Case-based surveillance for YF was established in 21 West and Central African countries and is recorded in the yellow fever surveillance database (YFSD) held by the African regional office of the World Health Organisation (AFRO). This database is designed to use a very broad case definition (jaundice or haemorrhage with fever) to ensure high sensitivity (at the cost of low specificity of suspected cases). That means that most reported cases are not due to YF and only 1-2% will be lab-confirmed as YF. In addition to using the confirmed cases to inform the occurrence of YF, we use the above data as a proxy for surveillance effort in each country. Assuming an approximately constant incidence of the syndrome ‘fever with jaundice and/or haemorrhage’, the per-capita incidence of reported suspected cases yields information on the surveillance effort.

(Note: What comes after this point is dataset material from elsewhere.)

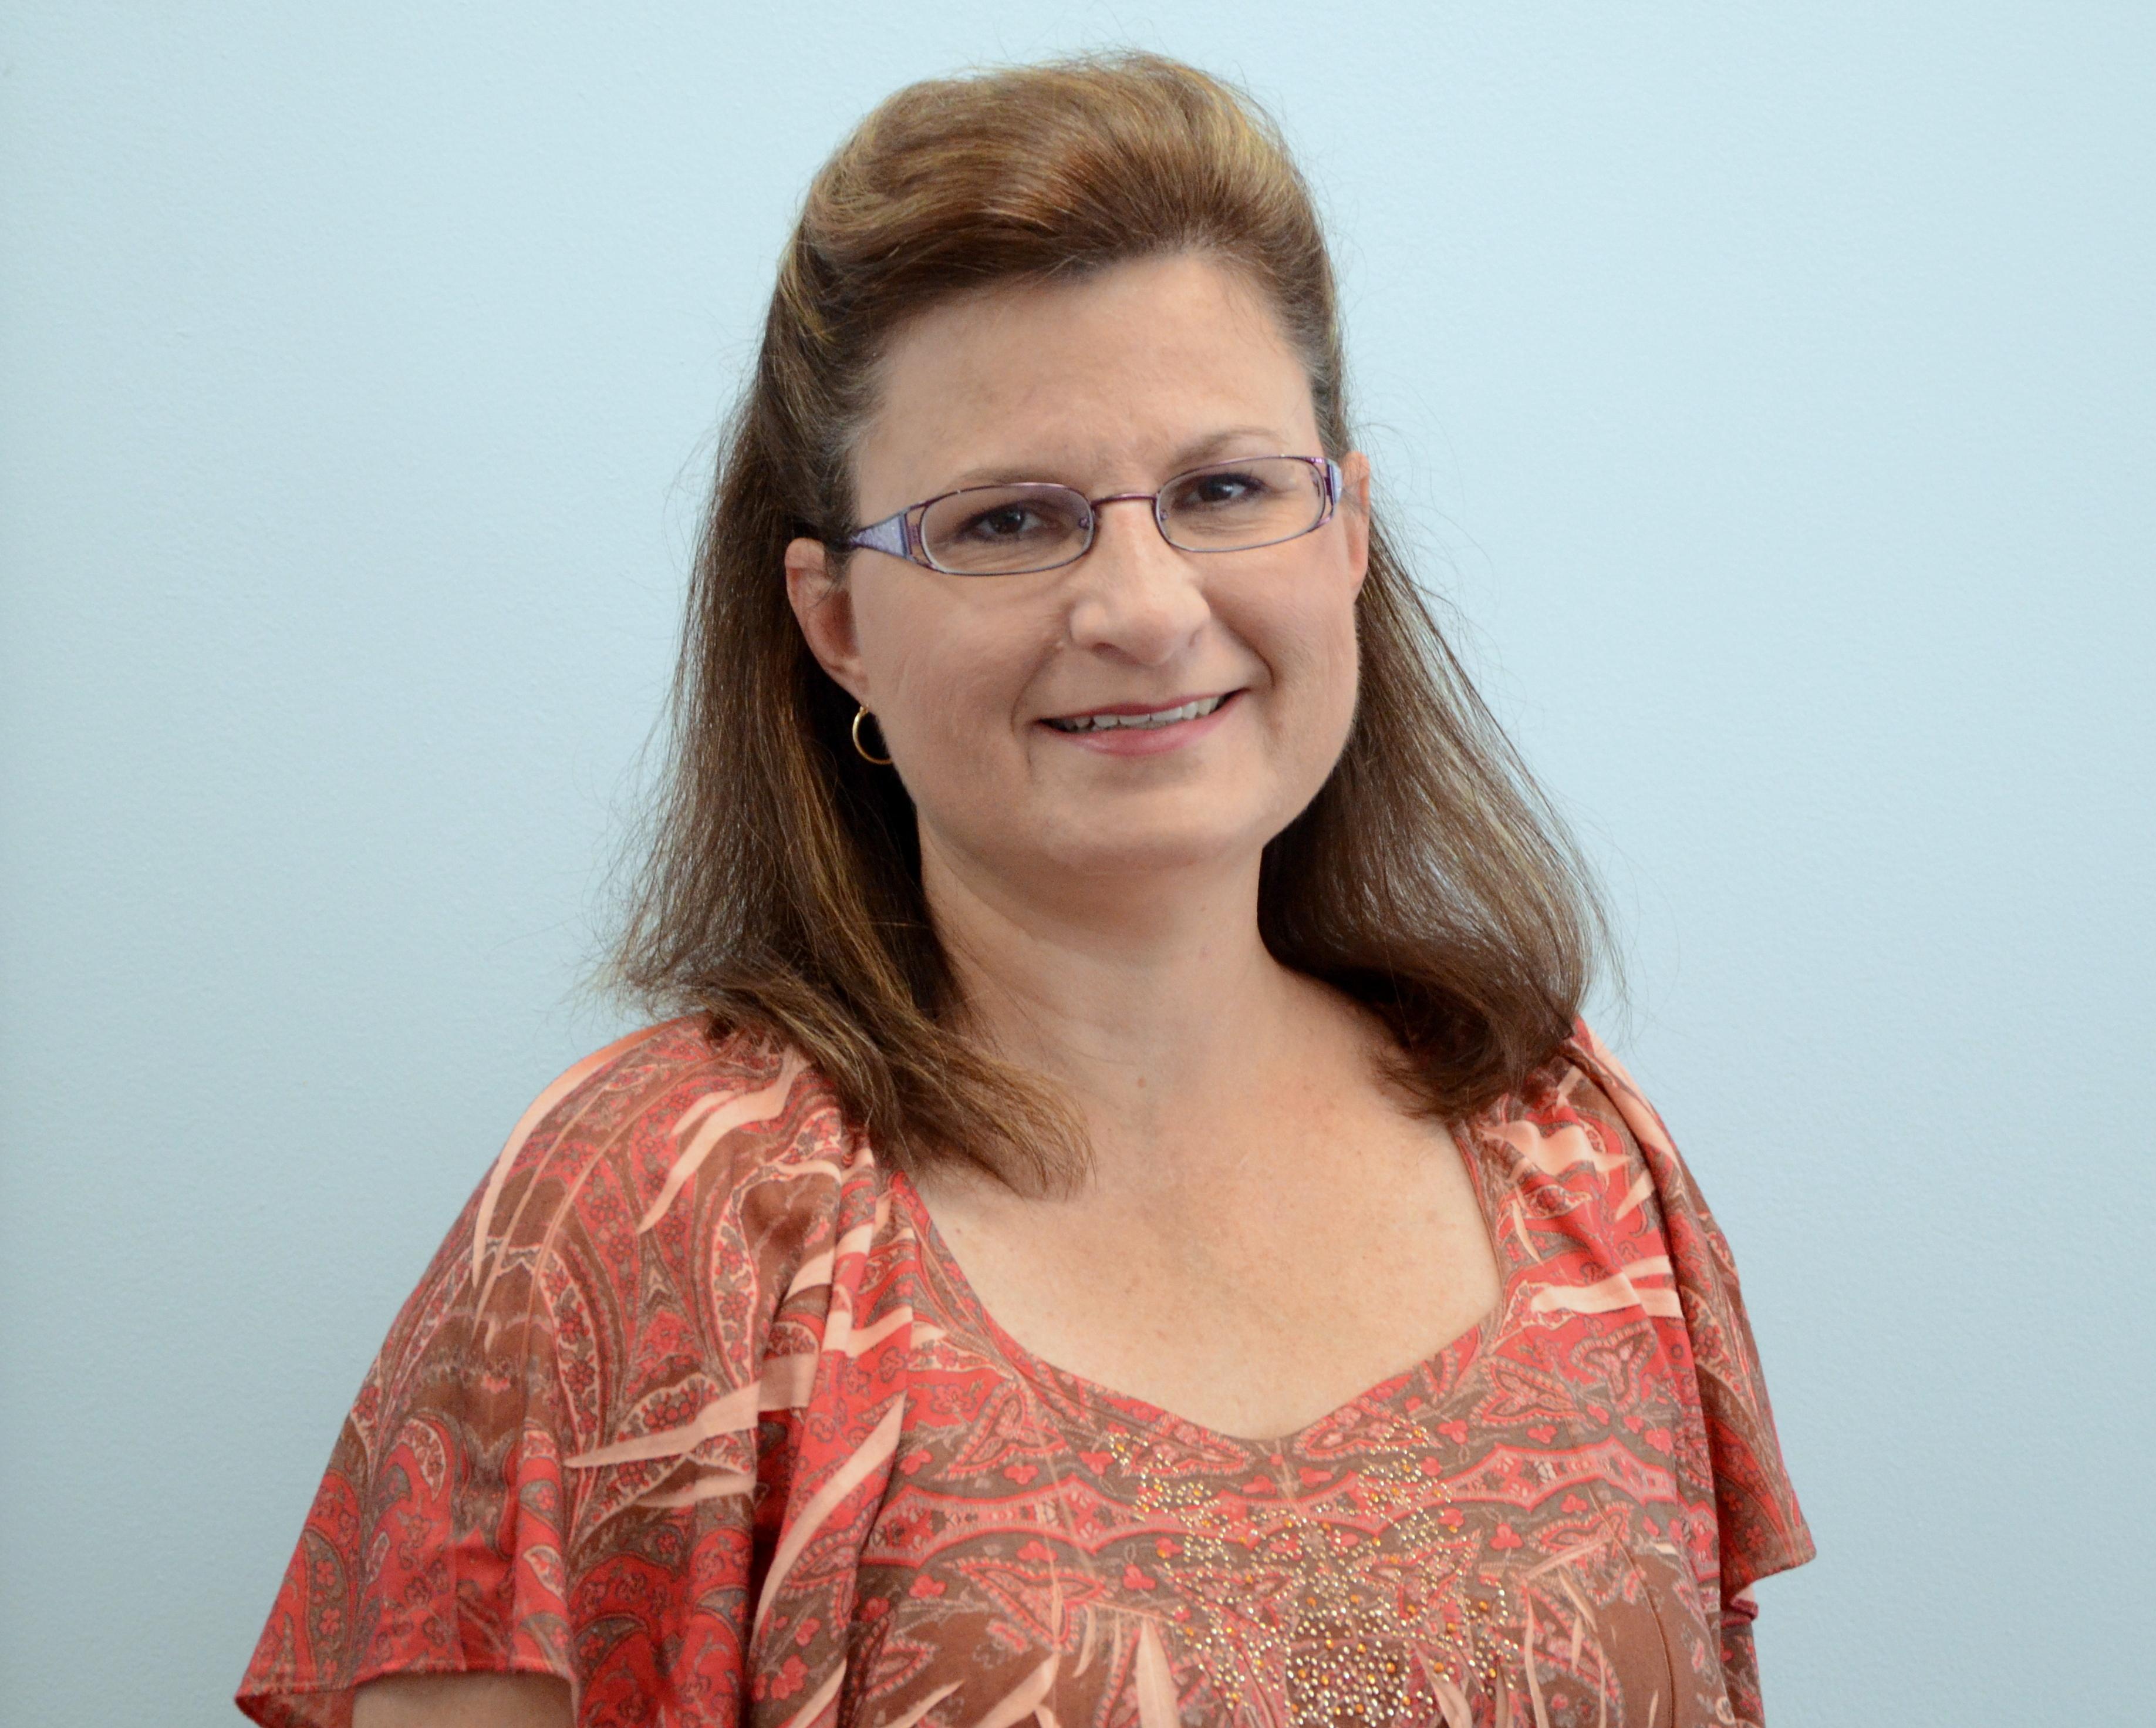 Pamela Hoyt CFO of Homeland Secure IT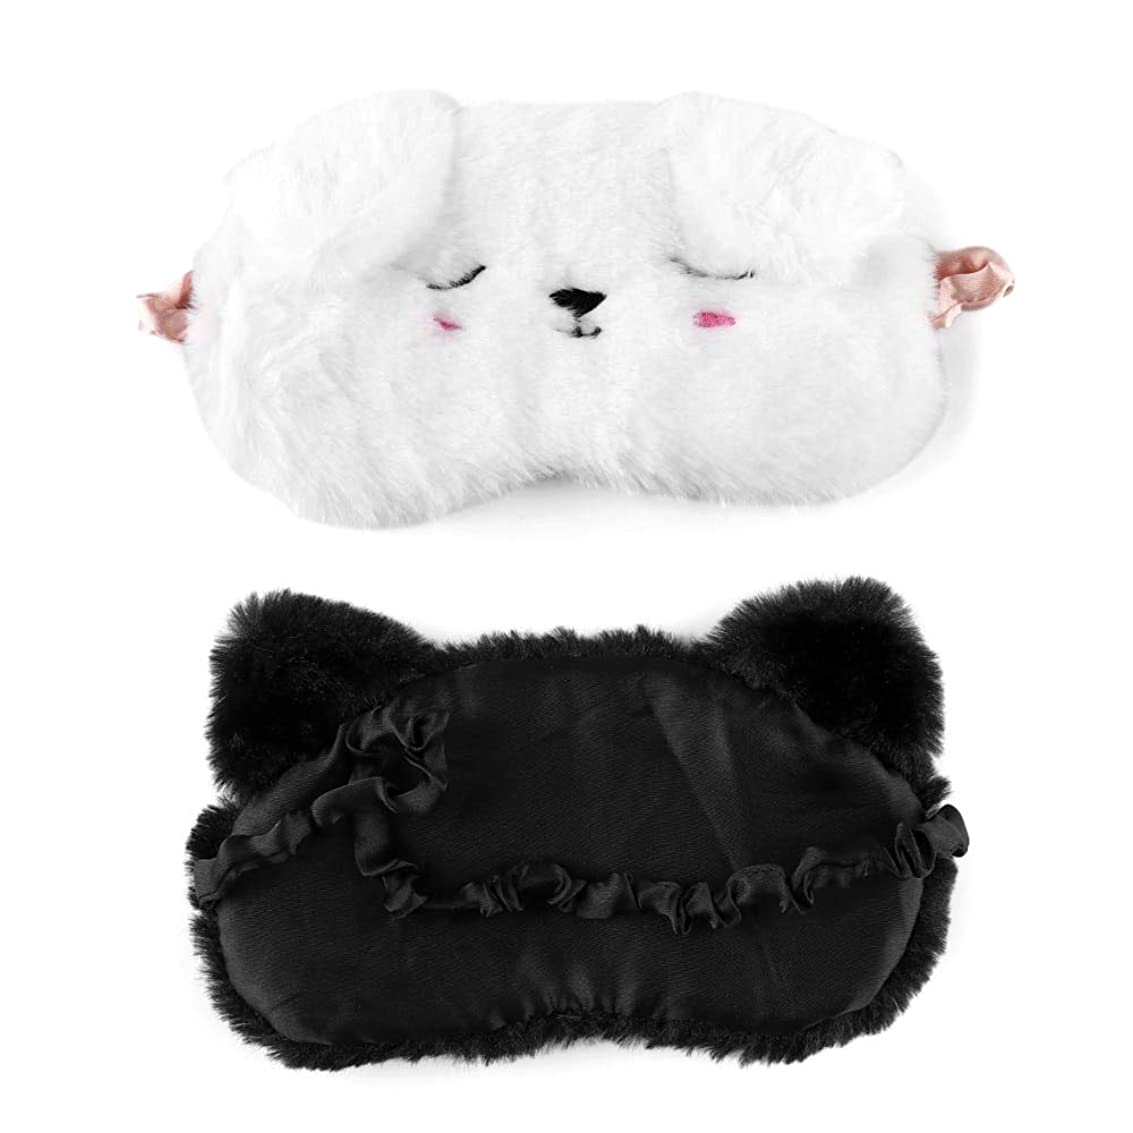 同等の傘低い1ピースかわいい漫画猫白犬アイマスクホーム旅行ゴーグルシェーディング睡眠仮眠目マスクアイシェードシェードカバーパッチアイケアツール

We therefore aggregate this measure at country level and divide by the national population to be used as a covariate in the generalised linear model.

Vaccination coverage.

We use the methodology of Garske et al. with updated data sets to estimate vaccination coverage [1]. This methodology is also described and visualised in finer detail in the Polici shiny application where vaccine coverage is visualised at province level from 1940 to 2050 for the 34 endemic countries in Africa. [11]. This data may also be downloaded for each country. The coverage is based historic data on large-scale mass vaccination activities [12, 13], outbreak response campaigns as reported in the WHO weekly epidemiological record and disease outbreak news [14, 15], recent preventive mass-vaccination campaigns conducted as part of the yellow fever initiative [16] and routine infant vaccination reported by the WHO/UNICEF estimates of national immunization coverage (WUENIC) [17].

Serological surveys.

We use serological surveys to assess transmission intensity in specific regions of the African endemic zone, the locations are displayed in Fig 2. Theses include published and unpublished surveys [18–23]. The unpublished surveys were from various East African countries performed between 2012 and 2015 as part of the YF risk assessment process [24]. Of the published surveys, included in the estimation of Garske et al. and Jean et al. we omit that of the Central African Republic as it may capture post-outbreak dynamics and thus not represent the population serological status at steady state [9, 18, 25]. In the majority of surveys, individuals who were known to have been vaccinated were excluded; however in south Cameroon the vaccination status was unknown so we estimate an additional vaccination factor [19]. This factor represents the probability that a vaccinated individual is included in the study. Further summary characteristics of the surveys are included in the Table A in S1 Text.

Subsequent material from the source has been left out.